*** Opening of Data for processing ***

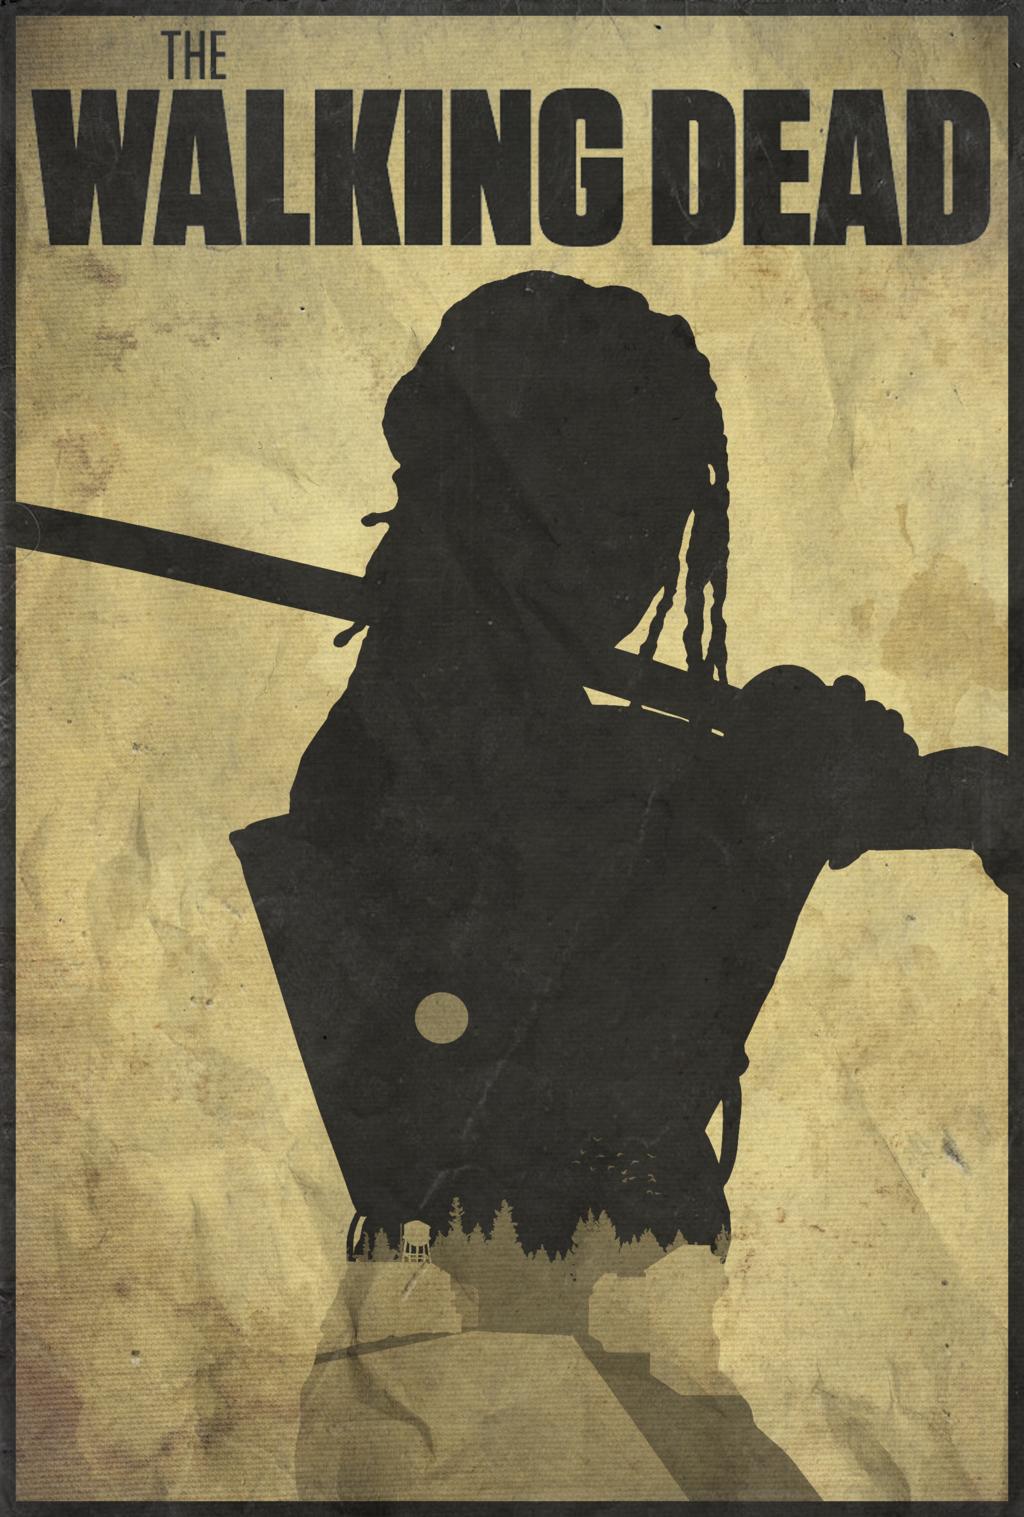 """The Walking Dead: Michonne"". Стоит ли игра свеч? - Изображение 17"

*** Close of Data for processing ***
*** Opening of Data for processing ***

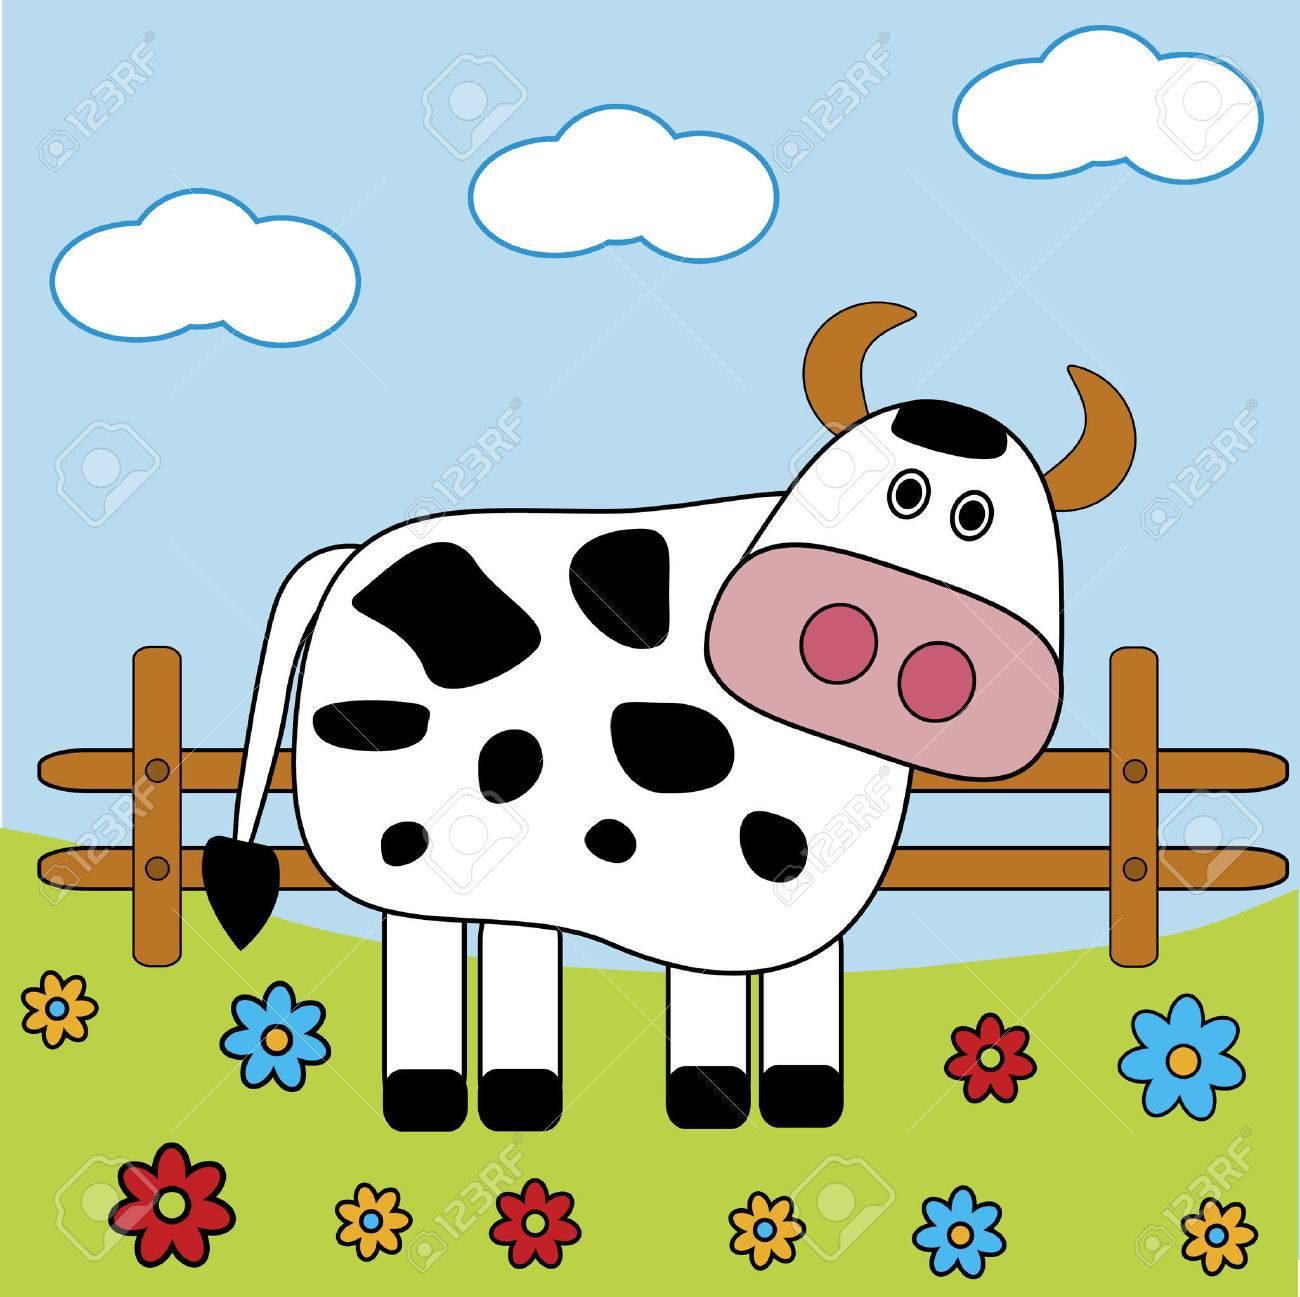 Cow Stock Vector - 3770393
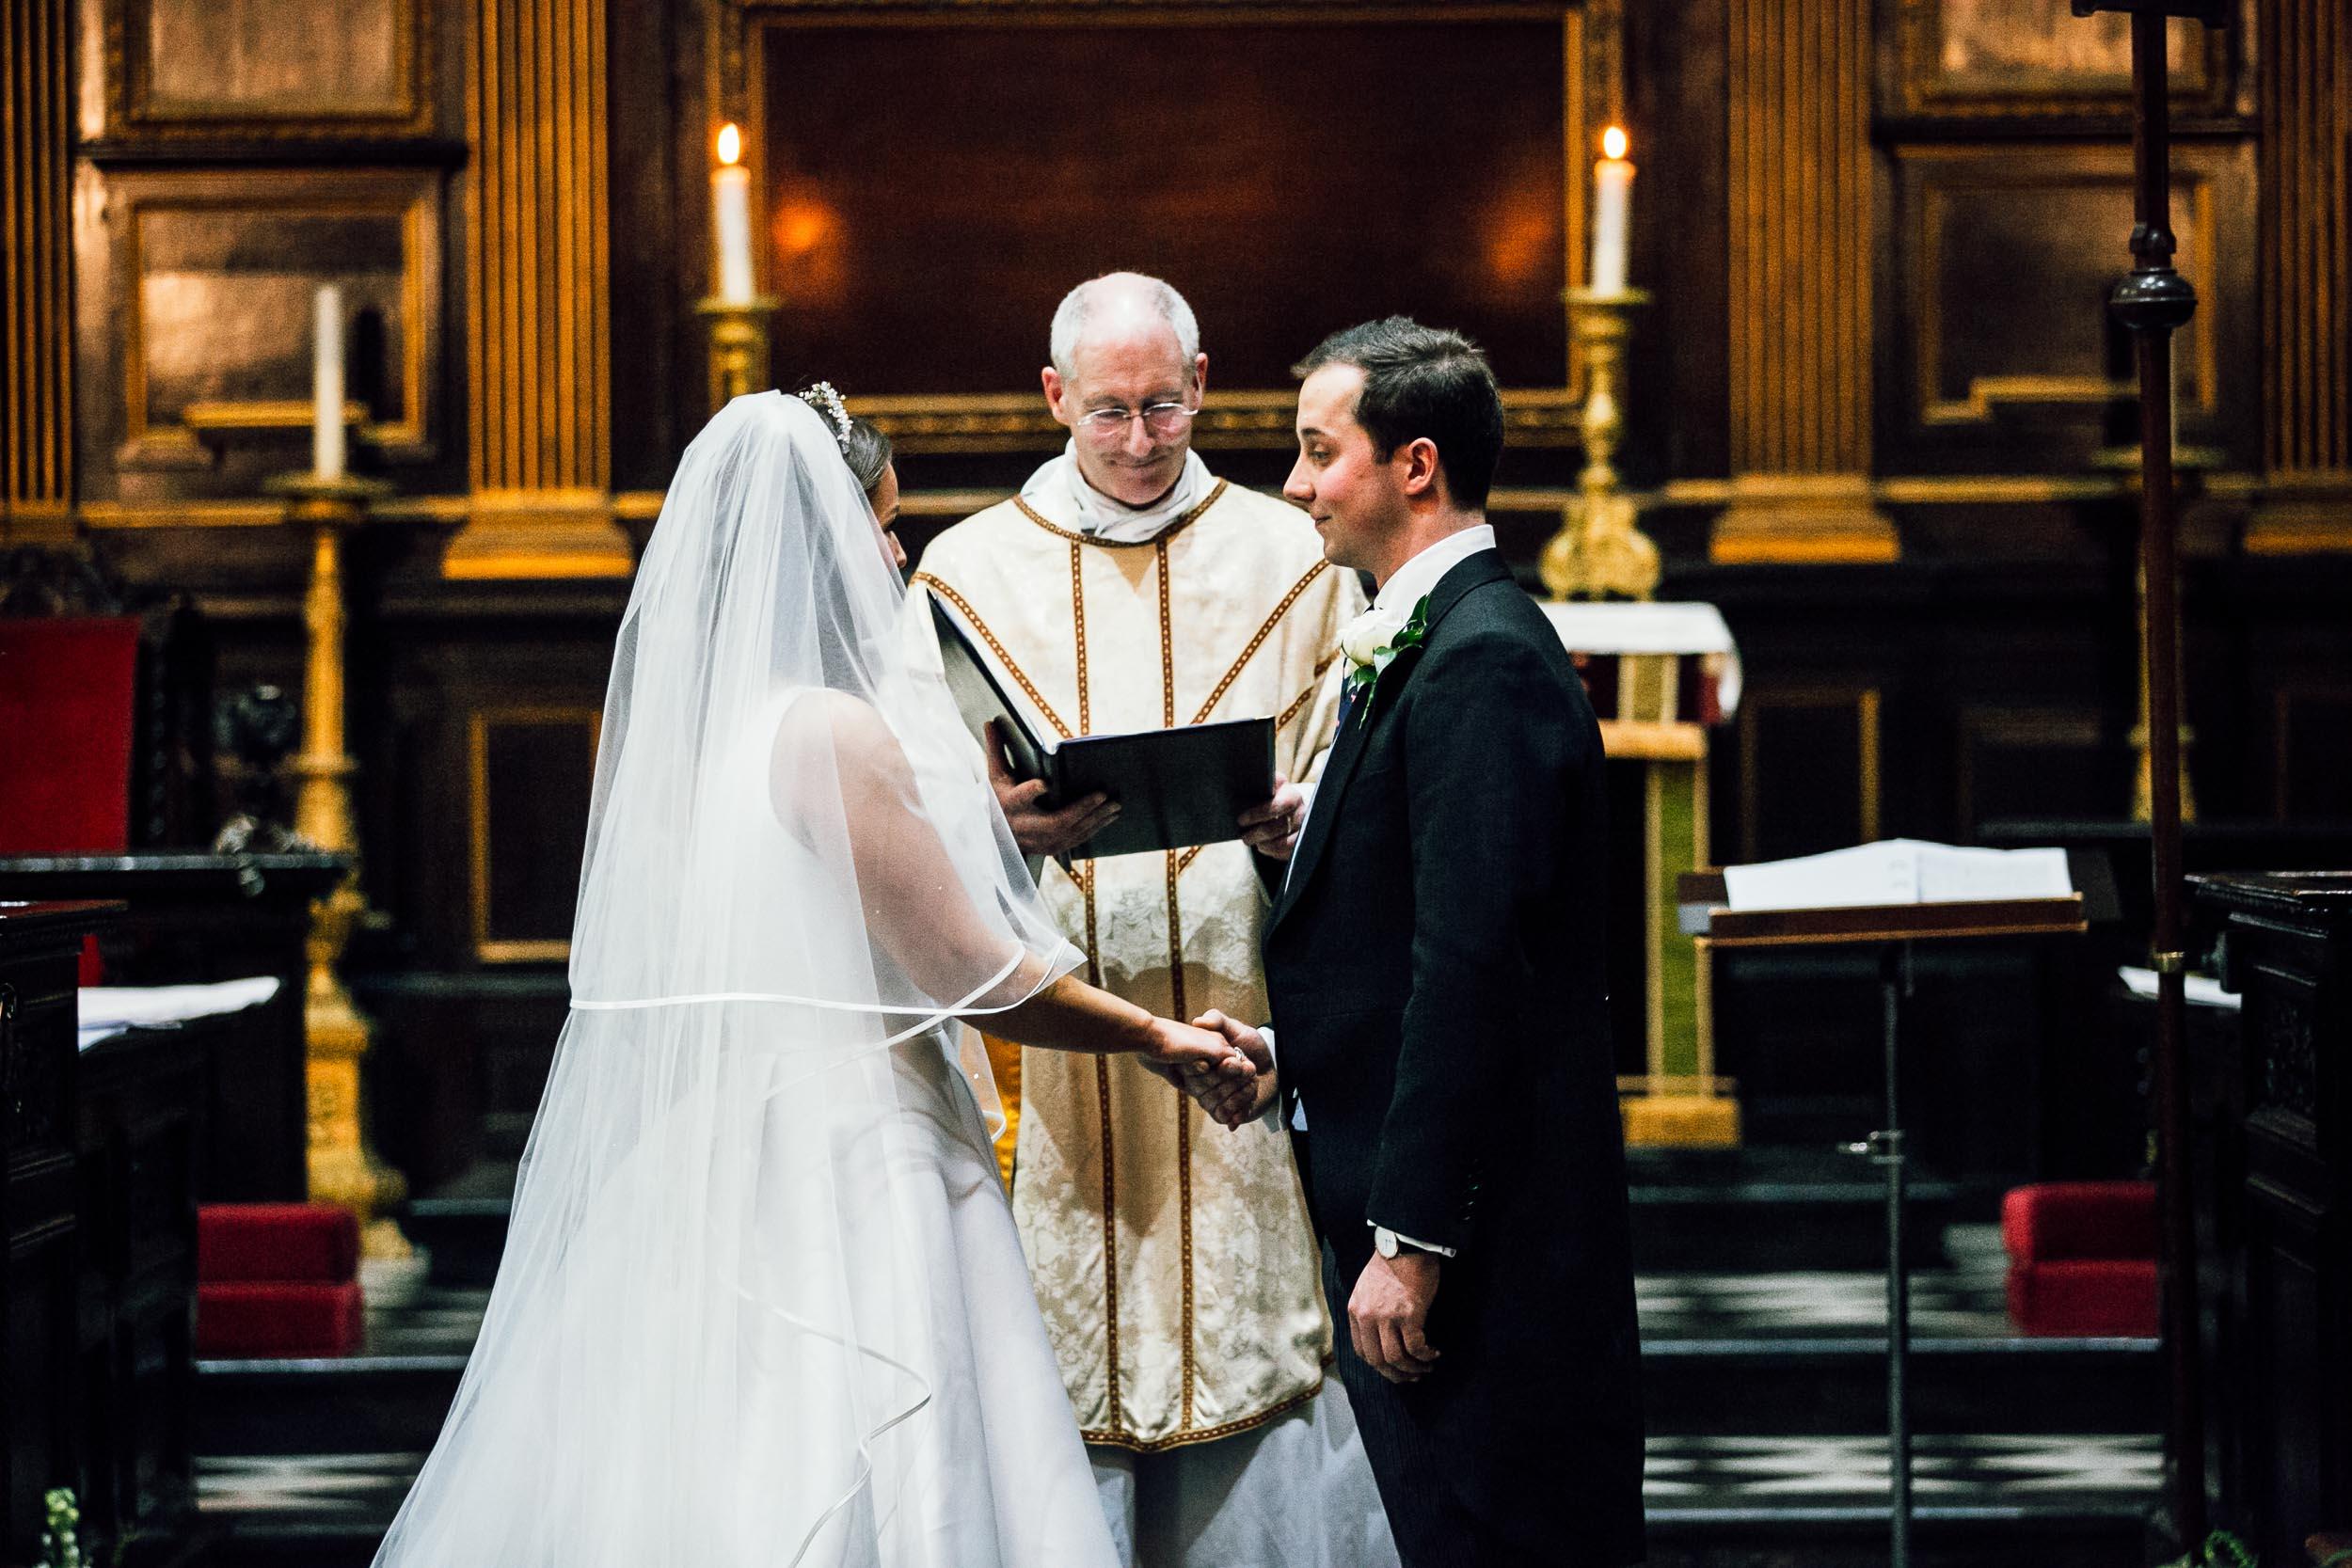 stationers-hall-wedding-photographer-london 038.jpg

*** Close of Data for processing ***
*** Opening of Data for processing ***

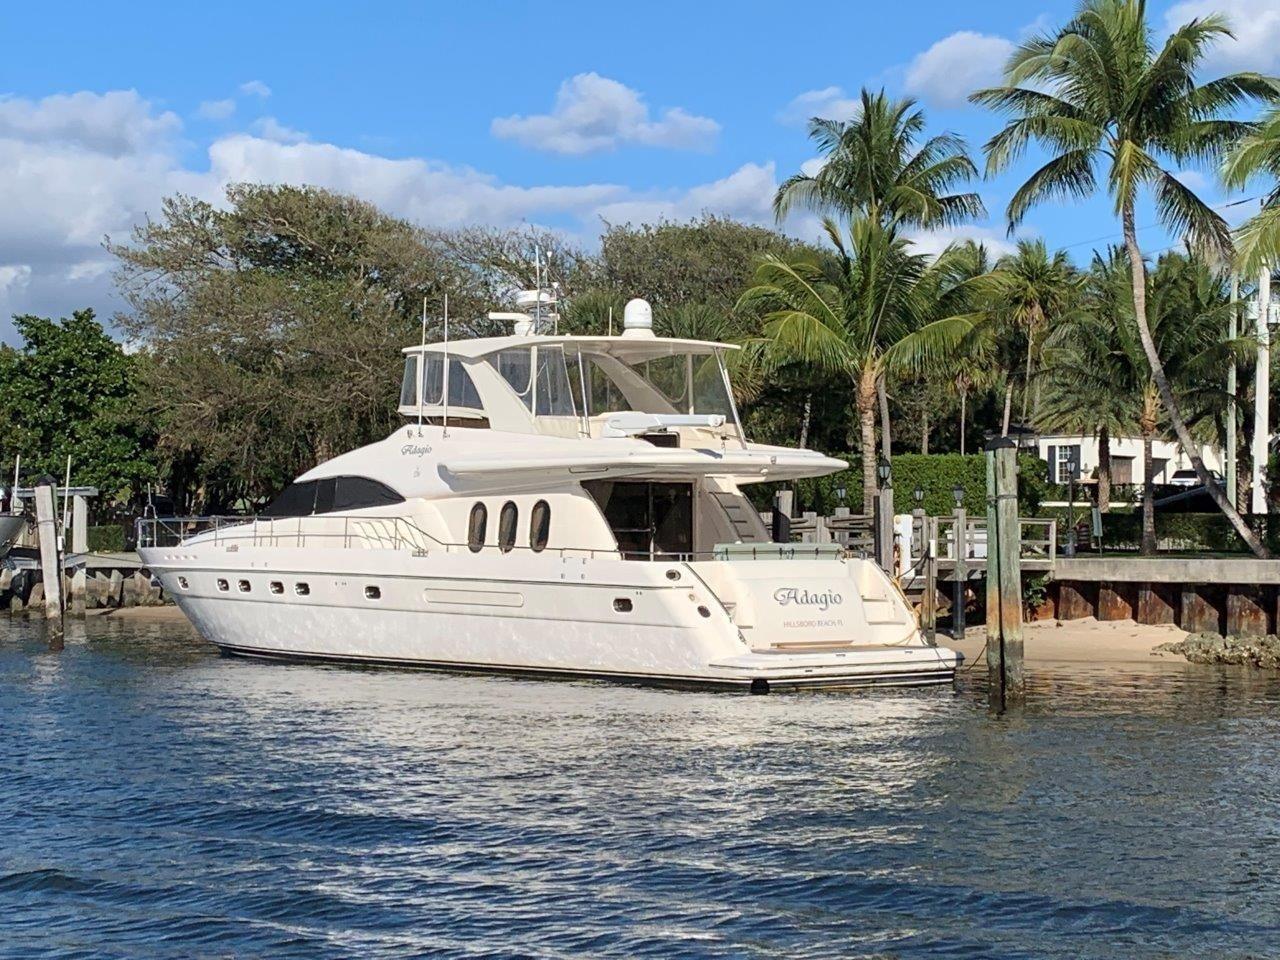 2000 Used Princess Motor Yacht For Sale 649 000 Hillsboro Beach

*** Close of Data for processing ***

### Aim of the task
Using the records above, return verbatim only the part that opens with the line containing "Cow Stock Vector - 3770393" and closes with the line containing "stationers-hall-wedding-photographer-london 038.jpg"; pictures stay out.

### Answer for the task
 Cow Stock Vector - 3770393
 stationers-hall-wedding-photographer-london 038.jpg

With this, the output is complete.